Hi Godbach,
On Sat, Jul 20, 2013 at 06:45:14PM +0800, Godbach wrote:
> Hi Willy,
>
> I have done a test for haproxy on latest snapshot which has two servers
> with such key configuration
> lb algo is roundrobin
> server A: weight 128
> server B: weight 256
>
> I sent 9 requests and the order for getting responses from server is
> expected as:
> BBABBABBA
> But I got the unexpected order as below:
> ABBAAAAAA
>
> Indeed, I have noticed that there is a problem for the implentation of
> roundrobin yesterday before this test, and this test verified the
> problem. The description is as below:
>
> srv->eweight will exceed SRV_EWGHT_MAX in accordance with the fromula:
> srv->eweight = srv->uweight * BE_WEIGHT_SCALE;
>
> Since uweight can be reach to 256 and BE_WEIGHT_SCALE equals to 16. So
> the max vaule of eweight should be 256*16. But there is a macro named
> SRV_EWGHT_MAX, it equals to 255*16(SRV_UWGHT_MAX*BE_WEIGHT_SCALE). And
> when a server is insterted into round robin tree during initialization,
> fwrr_queue_by_weight() is called:
>
> static inline void fwrr_queue_by_weight(struct eb_root *root, struct
> server *s)
> {
> s->lb_node.key = SRV_EWGHT_MAX - s->eweight;
> eb32_insert(root, &s->lb_node);
> s->lb_tree = root;
> }
>
> When server's weight is 256, eweight is 256*16. The eweight will larger
> than SRV_EWGHT_MAX. As a result, the key value in lb tree will be closed
> to UNIT_MAX in unsigned type, and it will be not elected as the first
> server to process request. Furthermore, roundrobin can not work well in
> my test.
>
> Since there is a macro SRV_UWGHT_MAX equals to 255 as below:
> #define SRV_UWGHT_RANGE 256
> #define SRV_UWGHT_MAX (SRV_UWGHT_RANGE - 1)
>
> I want to know whether the server's weight should not larger than
> SRV_UWGHT_MAX(255), but the max value is 256 now in cfgparse.c as below:
> else if (!strcmp(args[cur_arg], "weight")) {
> int w;
> w = atol(args[cur_arg + 1]);
> if (w < 0 || w > 256) {
>
> If so, I will give a patch to fix it, or it should be fixed in other way.
That's quite a good analysis.
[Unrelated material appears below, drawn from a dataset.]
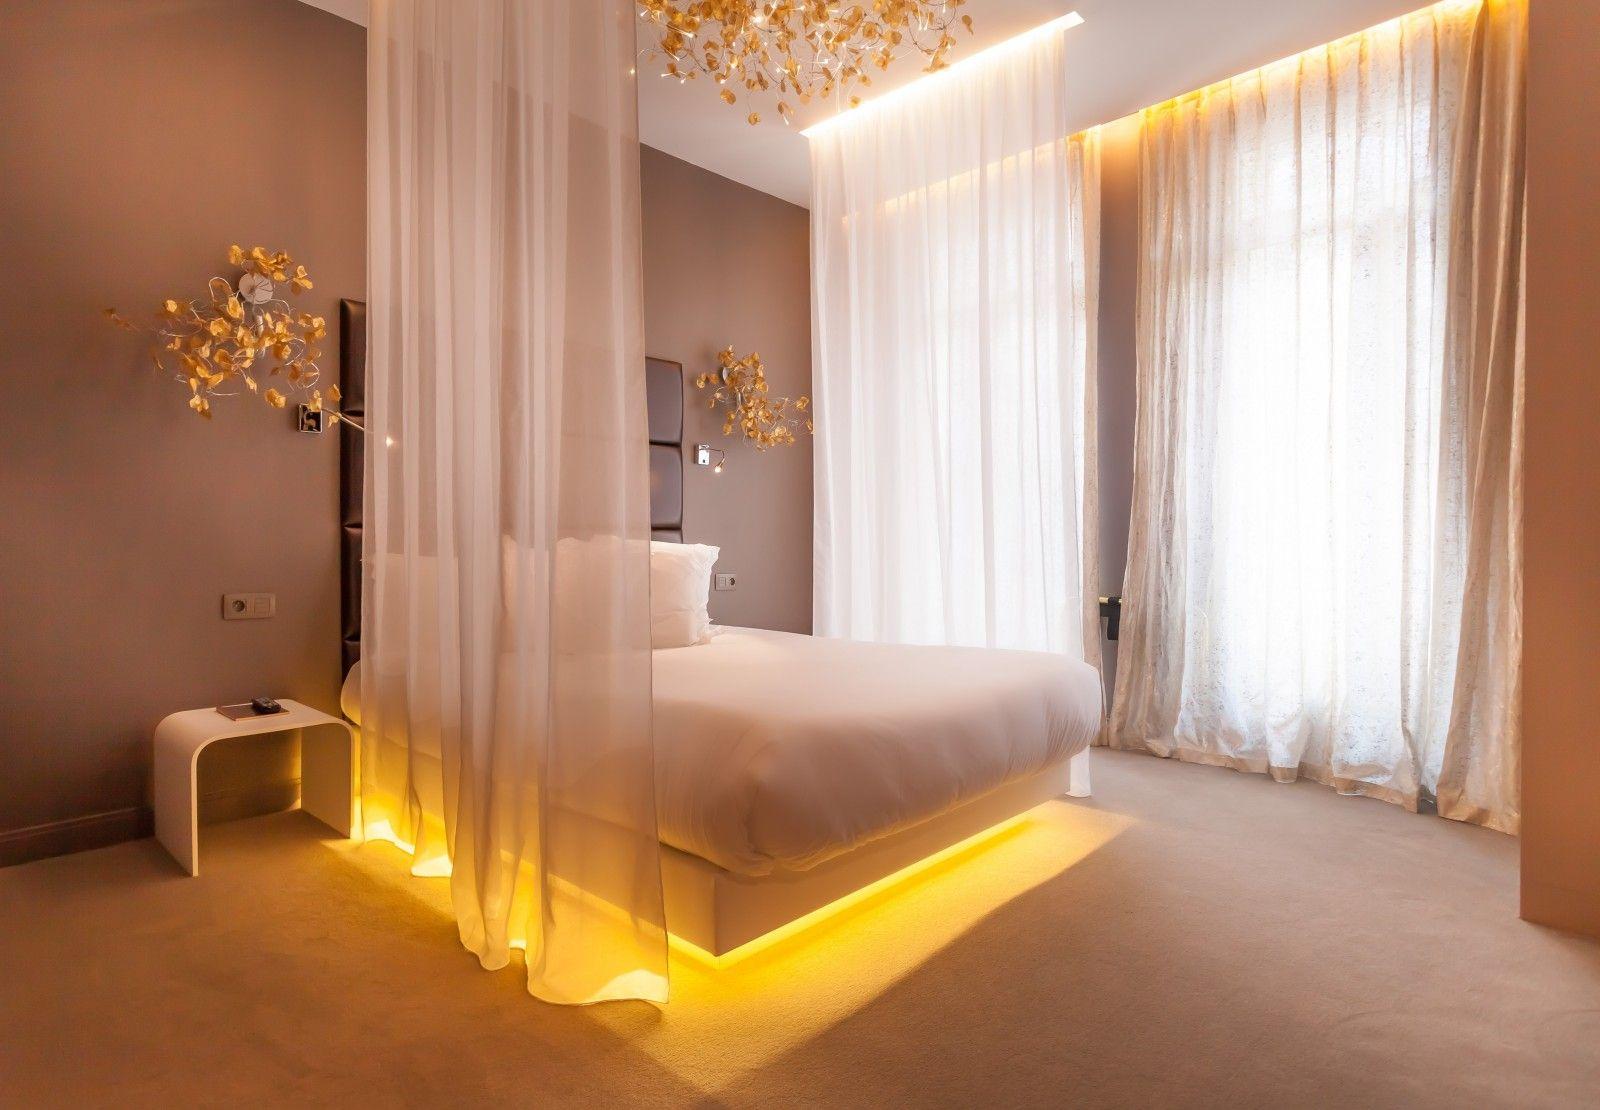 Chambre Legende Deluxe Legend Deluxe Room Legend Hotel Paris

I'm realizing that durnig the development
of the algorithm, the maximum weight was 255, and it was later changed to
256. The test code that was used for this is still in tests/filltab25.c if
you're curious. It displays in which order servers are picked, and applies
random weight changes on the fly.
I carefully checked and for me we can set SRV_UWGHT_MAX to SRV_UWGHT_RANGE.
It will have the effect of limiting the maximum number of servers a full
weight to 4095 instead of 4128 (so please update the doc for this). It is
also used in the leastconn algorithm, and similarly, the effective max
number of connections per server without overflowing will be limited to
1048575 instead of 1052688 (this is not a big issue).
So yeah, please go ahead and send a fix for this by. Please also replace
4128 with 4095 in the documentation!
Best regards,
Willy